É uma obra que sugere selvageria entre os índios, que mostra os índios como negativos. Sópor alguém ter entrado no território da outra tribo, teria que morrer. Vamos lembrar que o europeu invadiu o território não de uma, mas de muitas tribos indígenas, e não foi morto, foi até bem acolhido em alguns casos. Mostra os índios com atitudes reprováveis. Que pai é esse, que reprova a atitude do filho de querer cuidar dele, e duvida da coragem do filho na frente de estranhos e inimigos? 
Esse tipo de texto reforça a ideia de que os índios são belicosos, violentos, inflexíveis, quer dizer, reforça somente aspectos negativos dos indígenas. Mesmo o guerreiro Tupi, que se mostra corajoso e bom filho, porque volta pra cuidar do pai, é bobo ao voltar e se entregar pra morte, acatando uma regra questionável, de ter que morrer porque pisou sem querer na área Timbira. 
Eu não duvido que houvesse violência entre as tribos, mas a escolha por parte do autor em destacar esse aspecto da cultura indígena corresponde a uma necessidade de reafirmação de que a colonização europeia era necessária e de que teria sido justa, como forma de conter a selvageria. Parece que valida a invasão do europeu, a destituição do espaço do indígena, toda truculência do homem branco, toda falta de respeito. 

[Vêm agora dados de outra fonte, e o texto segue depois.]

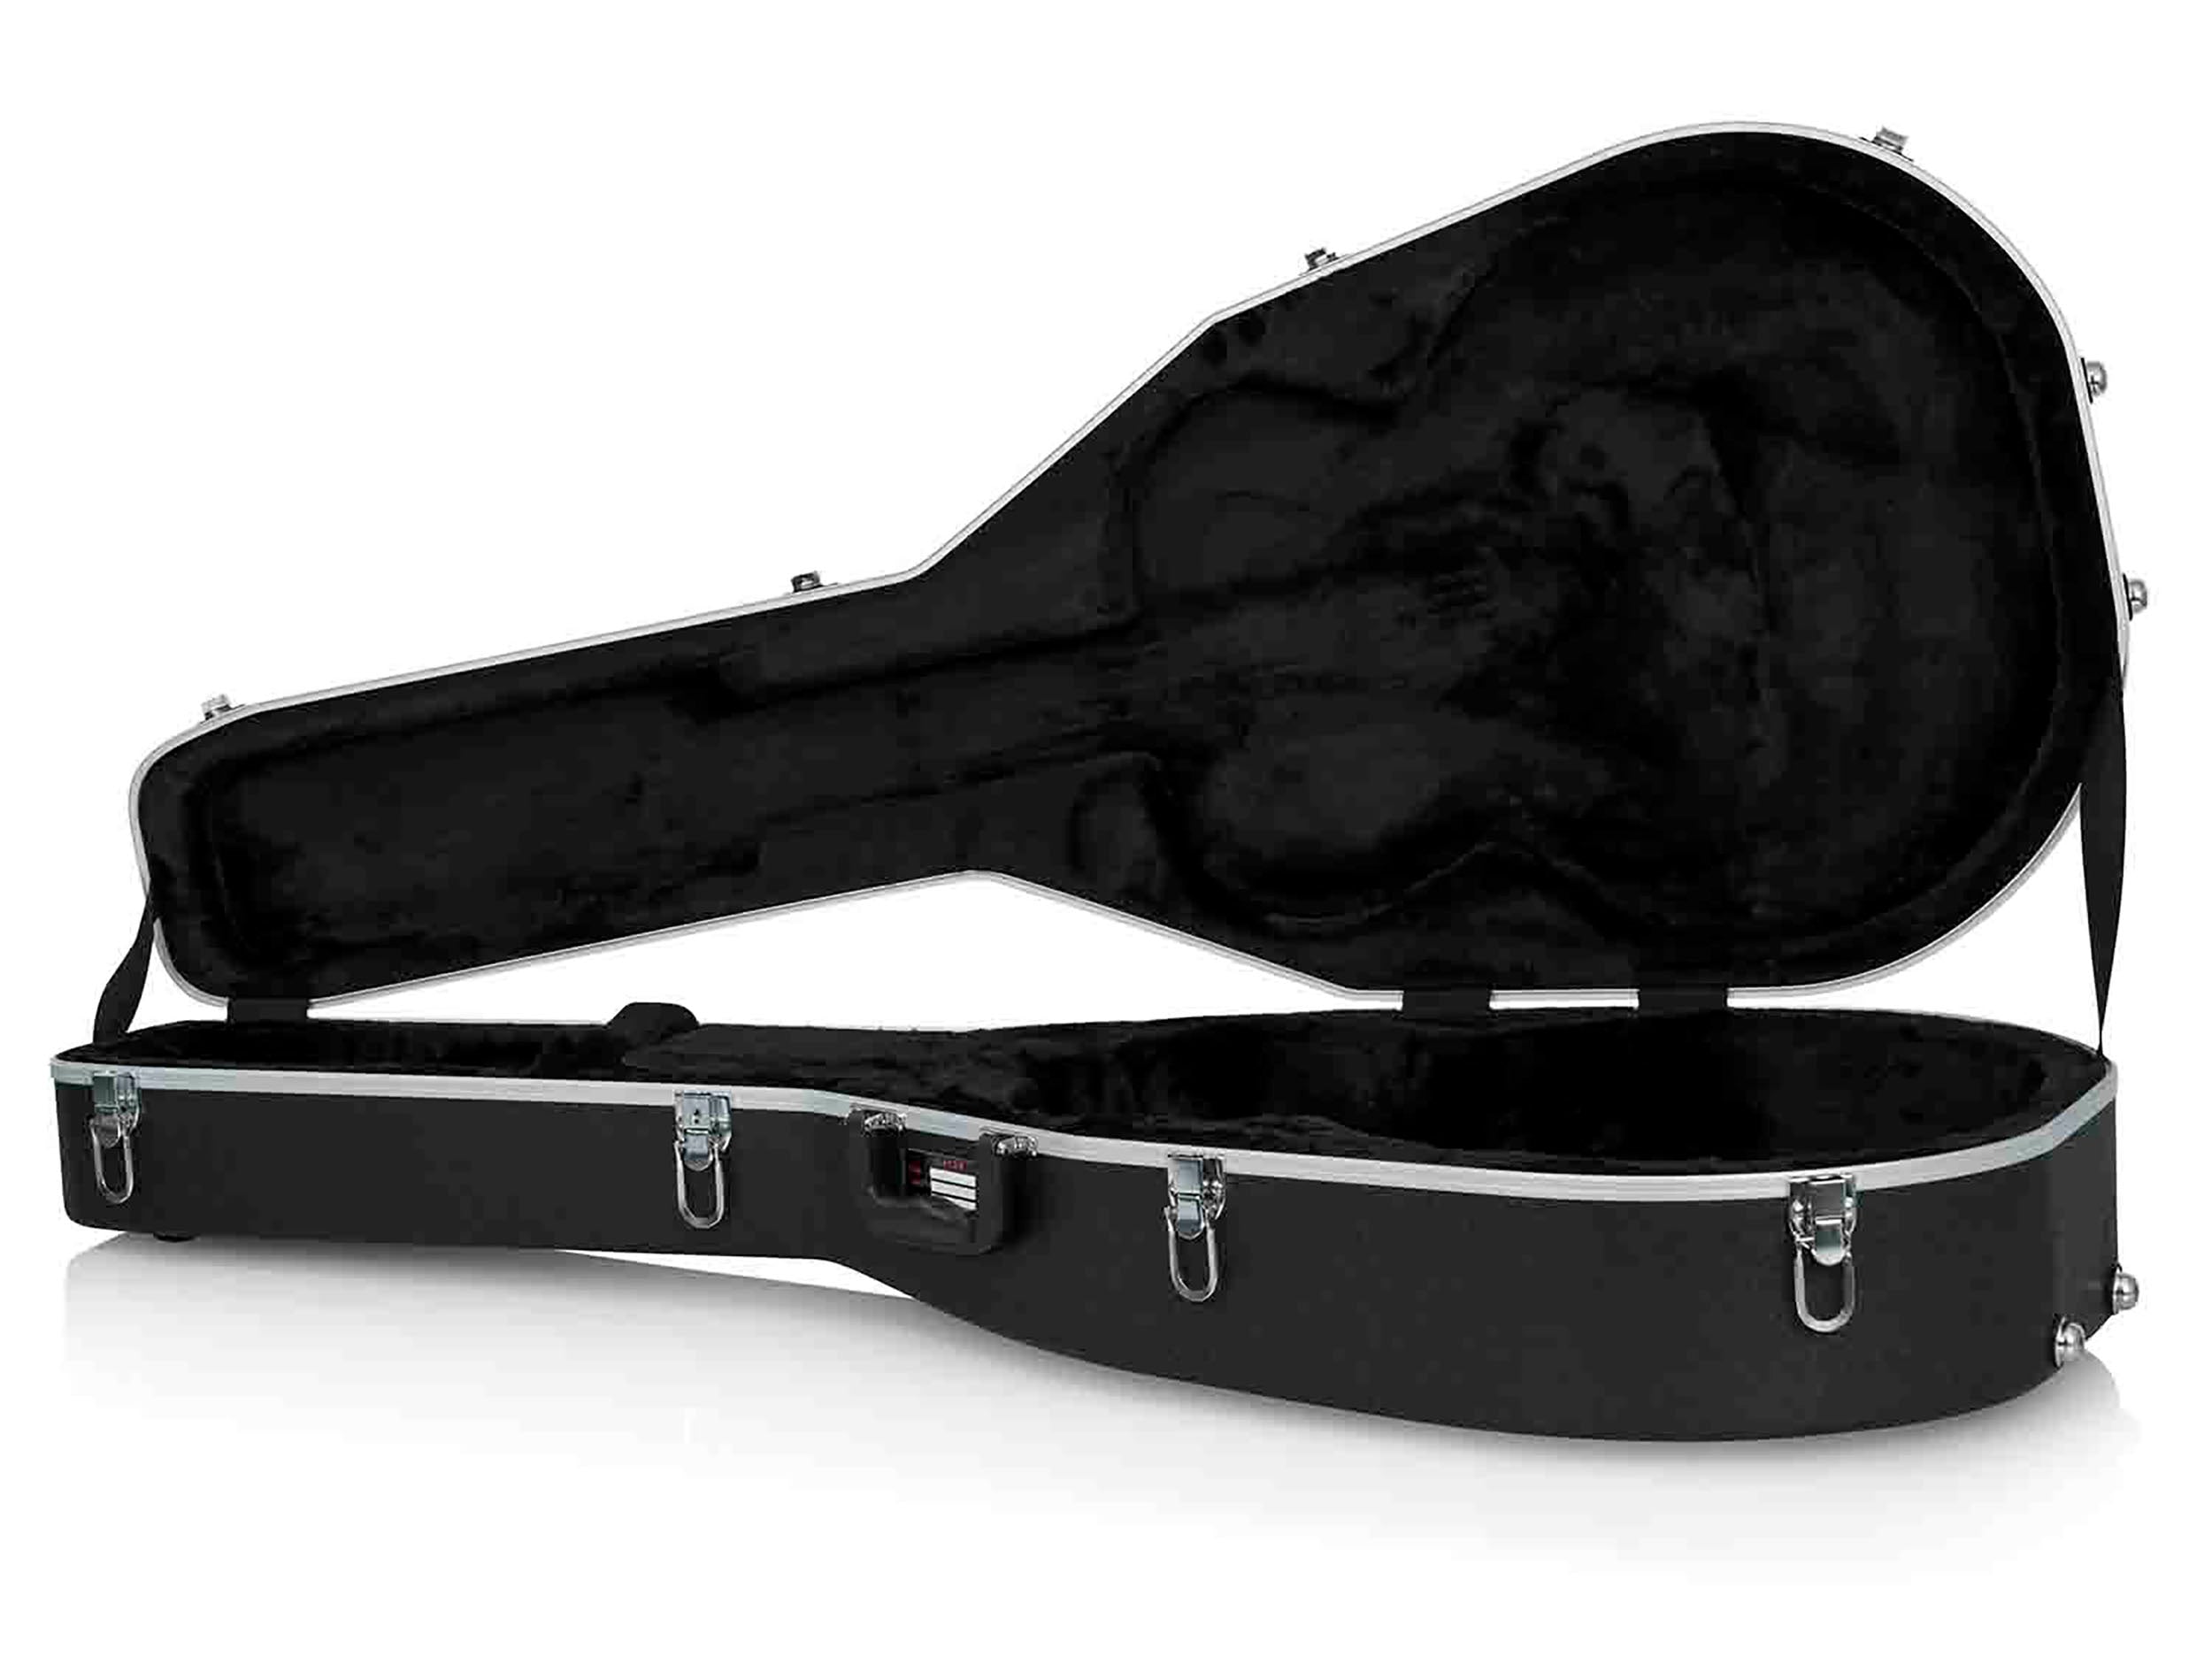 Gator Cases GC-JUMBO Deluxe Molded Guitar Case for Jumbo Acoustic Guitars

Como é uma obra do século XIX e que emprega alguns vocábulos da cultura indígena, têm algumas palavras diferentes pro leitor de hoje. Separei aqui algumas que soam estranhas pra mim, vê se tu conhece: mendaces é mentirosas, traiçoeiras; acervar é amontoar, acumular; canitar é um adorno de penas usado na cabeça, em cerimônias; enduape é um fraldão de penas; piaga é a mesma coisa que pajé; e nado o sol é nascer do sol. Iverapeme é o nome de uma arma cerimonial com que alguns povos indígenas matavam os prisioneiros de guerra. Ignavo é sem coragem. Aparecem também algumas formas reduzidas, como as palavras imigo, pra inimigo, e mi, pra mim. 
Vamos à leitura!
VINHETA
O narrador do poema é um velho Timbira, que esteve presente na morte do guerreiro e viu como aconteceu, agora conta aos jovens aquele ato de coragem. Além da voz narrativa aparecem a voz do guerreiro, do chefe Timbira e do pai Tupi. O poema de Golçalves Dias tem ritmo, e é um ritmo que remete ao tambor indígena. Esse autor dá mais ênfase à poeticidade do que à rigidez formal dos versos. Que bom! Ele valoriza mais o que está dizendo, que soe de forma bonita e agradável pro leitor, do que a metrificação rígida. 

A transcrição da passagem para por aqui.